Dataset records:
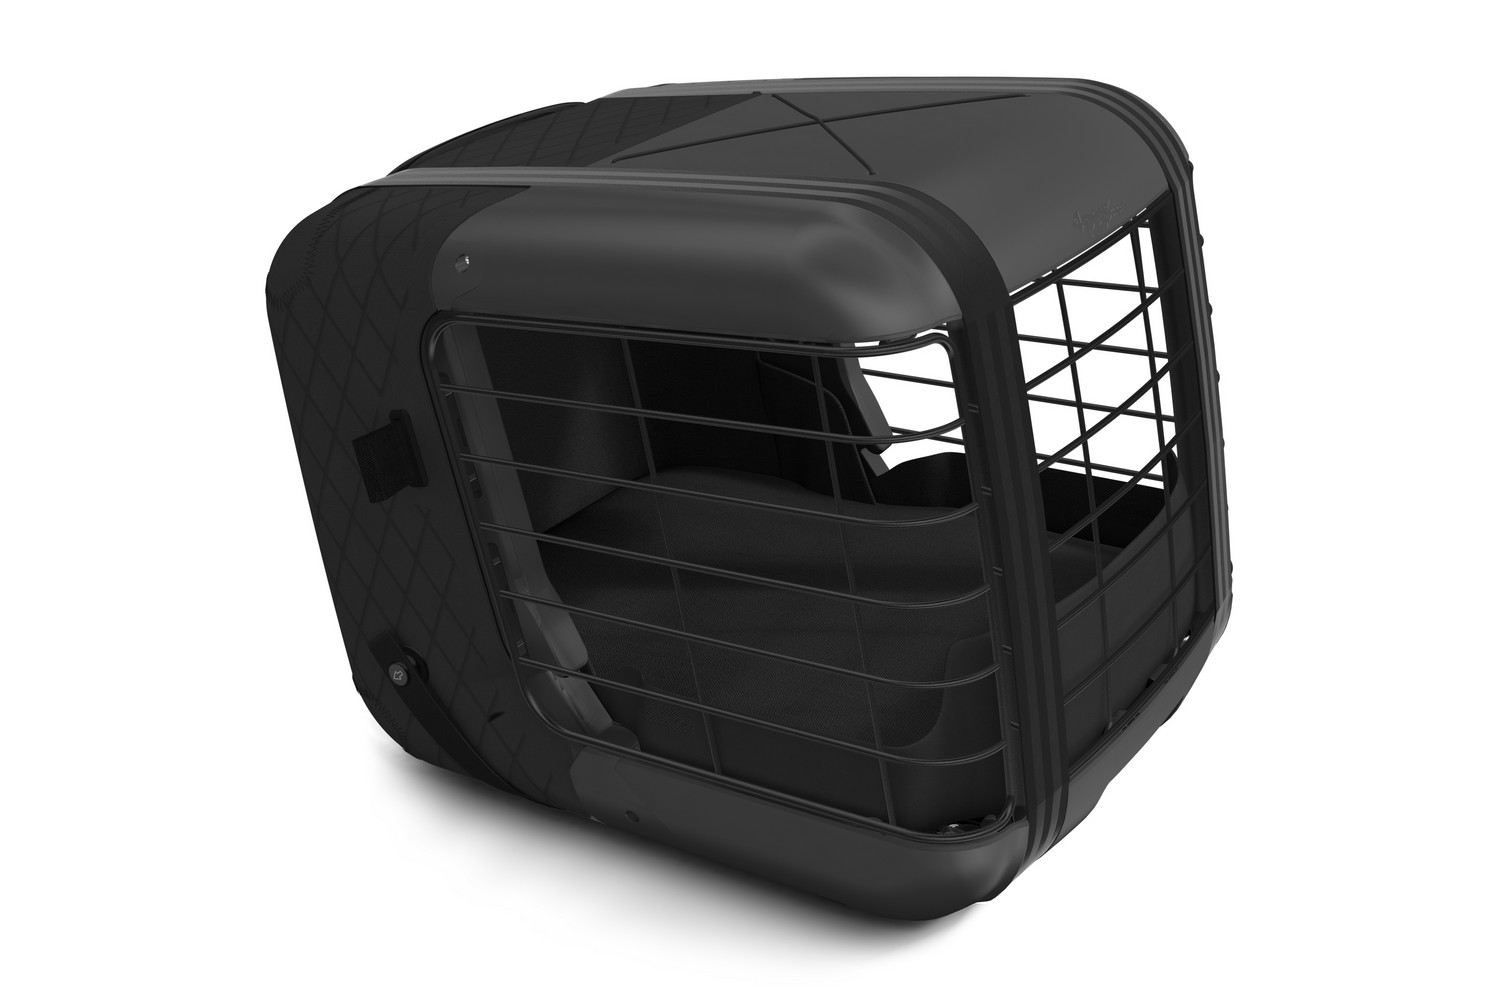 Transportbox voor hond of kat 4pets Caree - Black Series
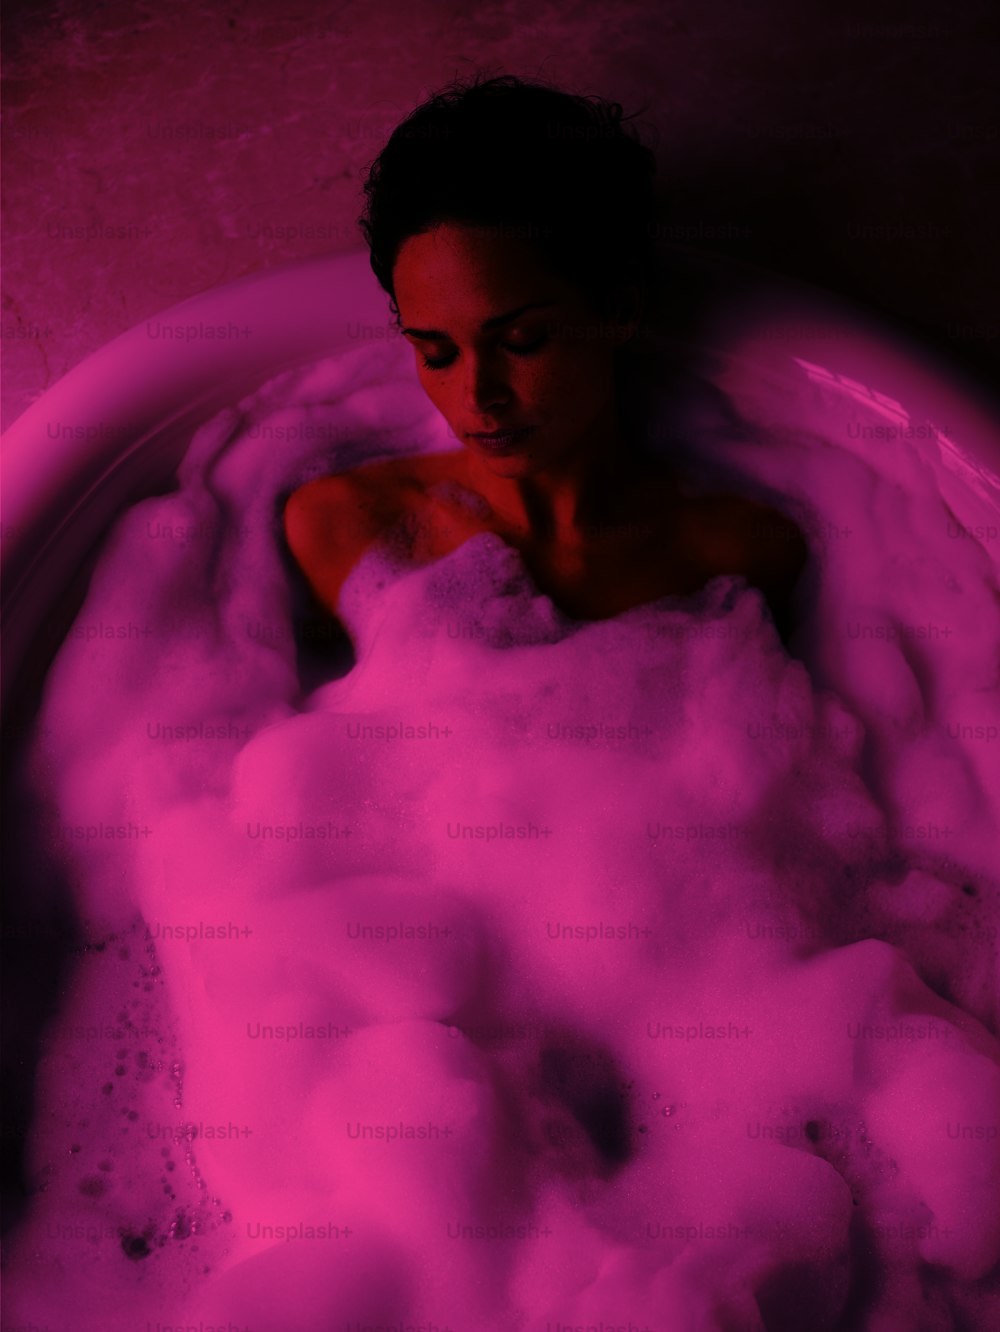 a woman sitting in a bathtub filled with foam
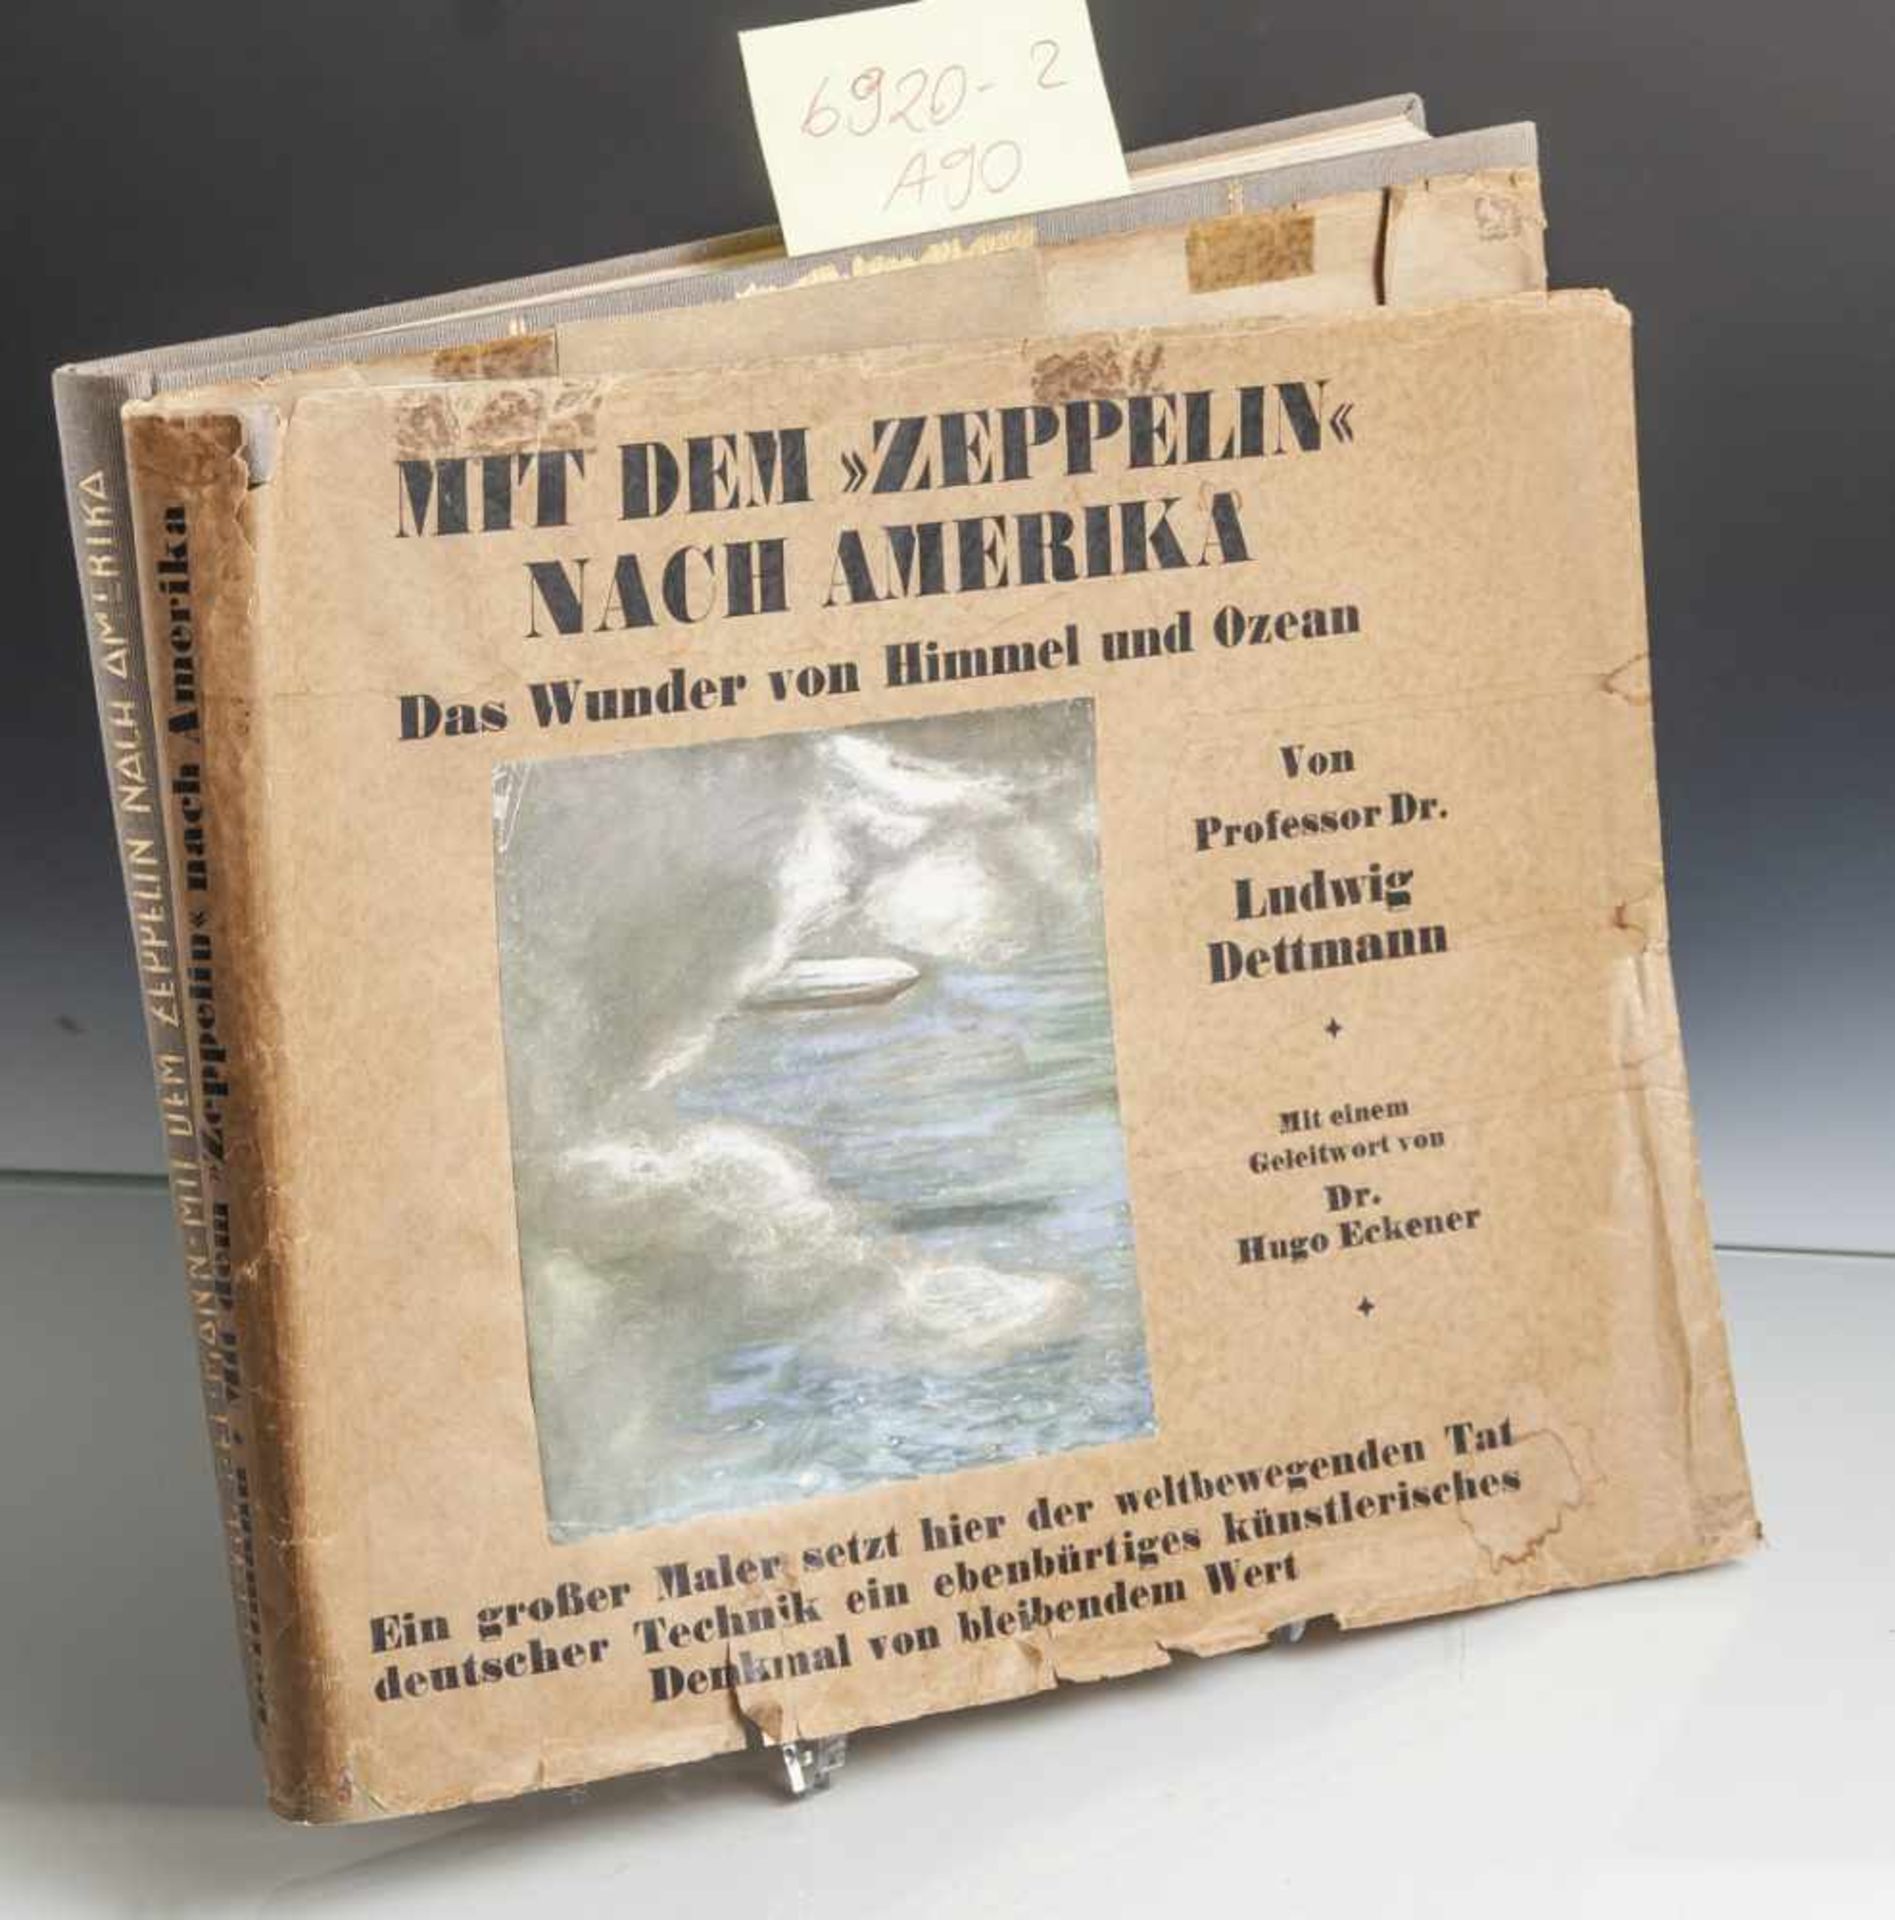 Dettmann, Ludwig Prof. Dr., Mit dem Zeppelin nach Amerika. Das Wunder von Himmel und Ozean. Mit
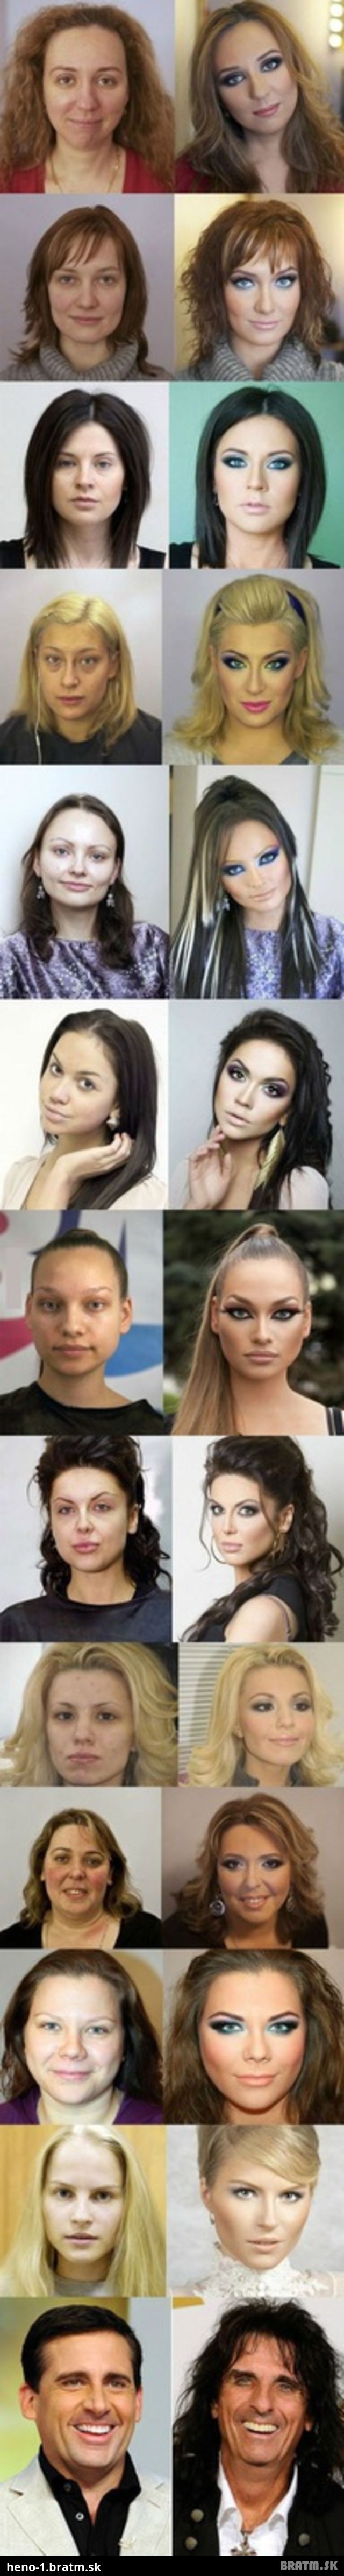 ŠOKUJÚCE, čo dokáže kvalitný make up a photoshop :D
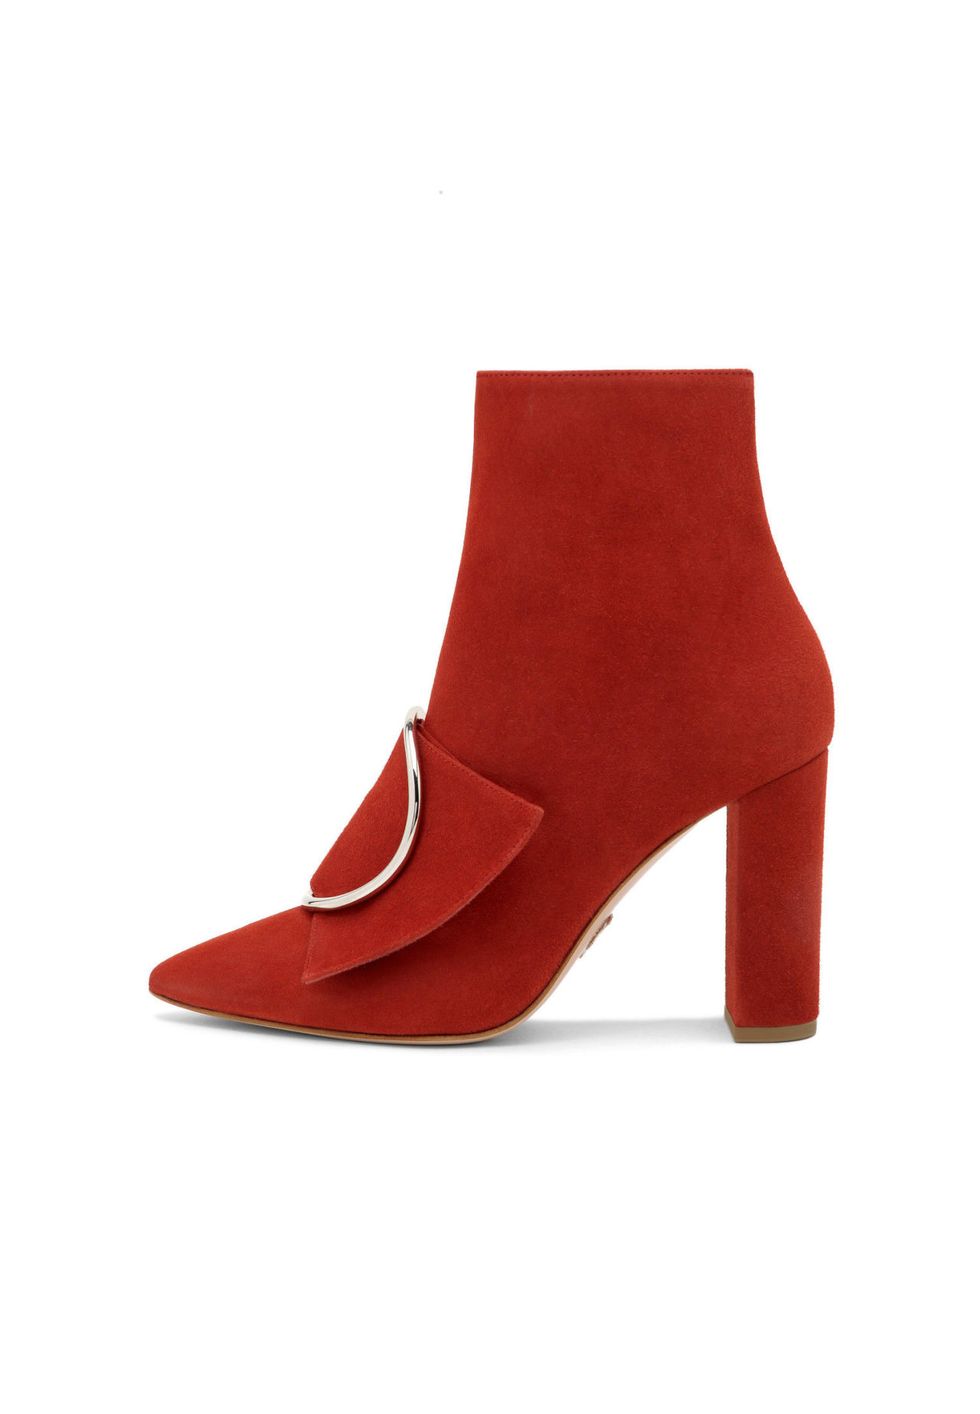 scarpe alte rosse moda 2018 come lo stivaletto di Oscar Tiye

### Problem to solve
All lines above between the line that contains "Dettmann, Ludwig Prof." and the last line of the entries, both included, must be transcribed exactly. No pictures are to appear.

### Answer to this task
 Dettmann, Ludwig Prof. Dr., Mit dem Zeppelin nach Amerika. Das Wunder von Himmel und Ozean. Mit
 ŠOKUJÚCE, čo dokáže kvalitný make up a photoshop :D
 scarpe alte rosse moda 2018 come lo stivaletto di Oscar Tiye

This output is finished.